Requirements for medicines that are not serialised
(4) The requirements in relation to a medicine that is not serialised, but which has a data matrix code containing a GTIN applied to a unit of the medicine at a relevant level of packaging, are the requirements specified in:
(a) section 9; and
(b) section 10.
Note: The requirements in sections 9 and 10 only apply in relation to the units of the medicine that have a data matrix code containing a GTIN applied at a relevant level of packaging.
8 Application of a data matrix code
(1) A data matrix code containing the GTIN of a medicine and a serial number must be applied to the label of each serialised unit of the medicine.
(2) Subject to subsection (3), the data elements in the data matrix code mentioned in subsection (1) must, when taken together, uniquely identify each unit of the medicine globally.

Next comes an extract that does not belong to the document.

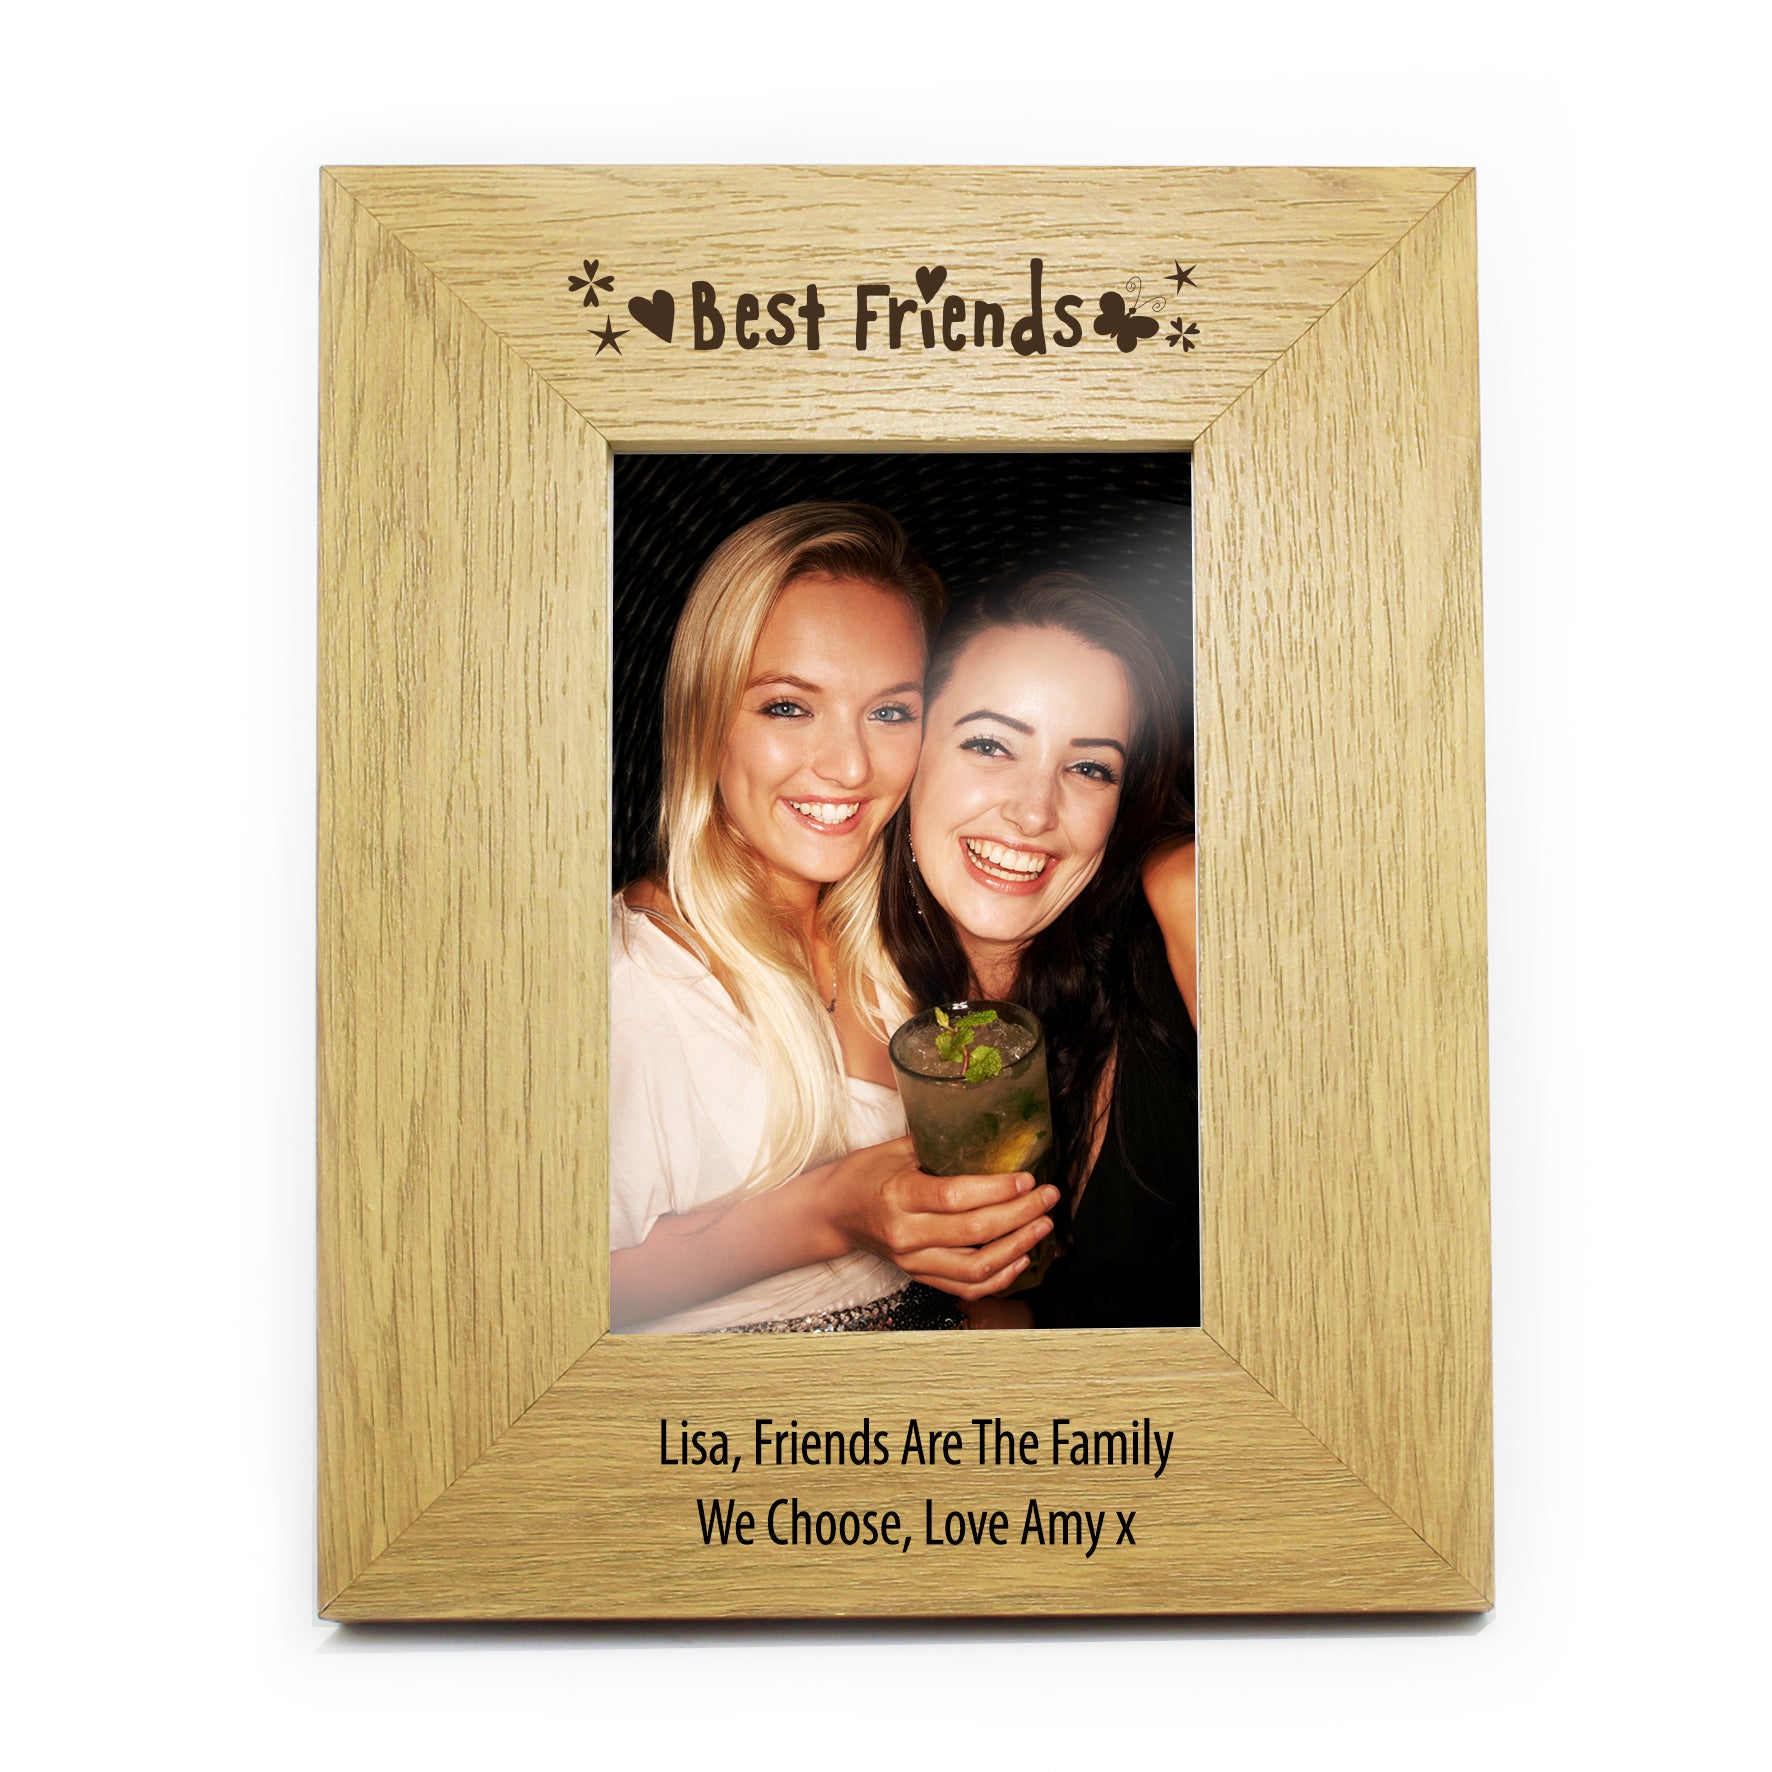 Personalised Oak Finish 6x4 Best Friends Photo Frame

(3) If a data matrix code containing a GTIN is applied to the primary pack of the medicine, then the data matrix code must also contain the following information in relation to a unit of the medicine:
(a) the batch number; and
(b) the expiry date.
9 Formatting etc. of a data matrix code
A data matrix code applied to a unit of the medicine must be:
(a) formatted in accordance with the requirements applicable to a GS1 DataMatrix as described in the GS1 General Specifications; and
(b) applied to the label of each unit of the medicine so as to minimise the risk of an inadvertent reading of any other machine-readable code on the label; and
(c) machine-readable for the shelf life of the medicine.
10 Information in a data matrix code
(1) The information in a data matrix code applied to a unit of the medicine must be consistent with:
(a) any human-readable information in or on the packaging, including higher and lower levels of packaging and product information and consumer medicine information in relation to the medicine; and
(b) the information in any other machine-readable code present on the label of the goods.
(2) Any information in a data matrix code to enable access to the product information in relation to the medicine must identify the current, approved version of the product information.
(3) Any information in a data matrix code to enable access to the consumer medicine information in relation to the medicine must identify the most current version of the consumer medicine information.
(4) If a data matrix code containing a GTIN is applied to the primary pack of a unit of the medicine, then the information contained within the data matrix code must be transcribed in human-readable format that is:
(a) located adjacent to the data matrix code, where space permits, in accordance with the GS1 General Specifications; and
(b) in a form that would enable a user to interpret the information without knowledge of the GS1 General Specifications.